At the age of fourteen, she had concluded that life for her meant renunciation, a sort of spiritual suicide…Throughout 1887 and 1888, Alice kept a collection of quotes that lay akin to her own views. It wasn't until 1889, age 41 and four years before her death, that she began her diary, finding her "voice", as it were. I am further along at age 22 than she ever was in terms of feminism and political consciousness, but I have had both education and the Internet. Despite those differences, what she has to say in regards to nervous disorders, colonialism, and melding care for one's life with moral statutes in an immoral world are of great worth to me.
It was as if she ceded her body to the “feminine” principle of frailty and submission, while cultivating with her mind a “masculine” strength and indifference to pain.
In her attitude toward her own suffering, Alice was in the process of finding a plot of moral ground on which to stand.

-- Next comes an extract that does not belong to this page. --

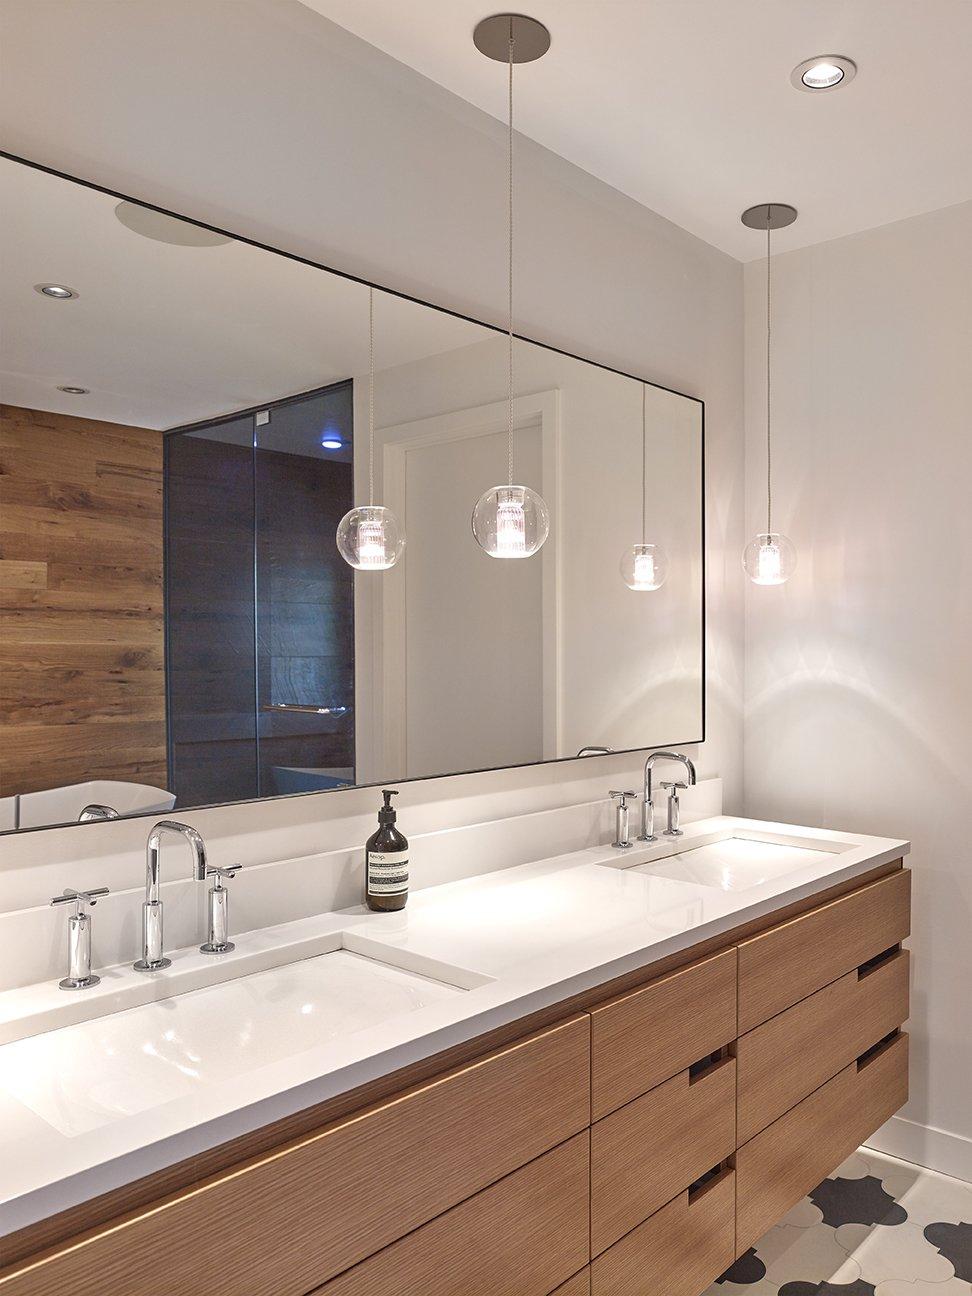 Bath Room, Pendant Lighting, Freestanding Tub, Ceiling Lighting, Cement Tile Floor, Enclosed Shower, Two Piece Toilet, Engineered Quartz Counter, and Undermount Sink Master Bath  Crestwood Re-Model by Mindy Gudzinski Design

She did have a choice about how to bear what she could not change...she wanted to learn not "forgetfulness" but rather "a certain fortitude — how to live and hold up one's head even while knowing that things were very bad. A brazen indifference...”I've heard mournful stories told of the advent of the digital age meaning the death of letter writing, the end of the paper trails scholars so love to dig through in search of the core of their dead patrons. While I am grateful to biographies such as these that do their subjects respect to the utmost, I hope for a day when the words of others are given more value when they are alive than when they are available for exhumation. Alice wished her diary to be published; let no one living today share her fate.
“Ever since I have been ill, I have longed and longed for some palpable disease, no matter how conventionally dreadful a label it might have, but I was always driven back to stagger alone under the monstrous mass of subjective sensations, which that sympathetic being ‘the medical man’ has had no higher inspiration than to assure me I was personally responsible for.”
Finding a way to think and speak for herself was, for Alice, her life’s highest aim.
The diary made a start. In deciding to speak up at last, to articulate her life, Alice announced that private experience had inherent value, and that she had something to say about it. She was finding in the process of keeping a diary a nascent sense of self, much as William had one in determining that his first act of free will would be to believe in free will. Less assertively than William, less deliberately than Henry, Alice was taking hold of the reins at last.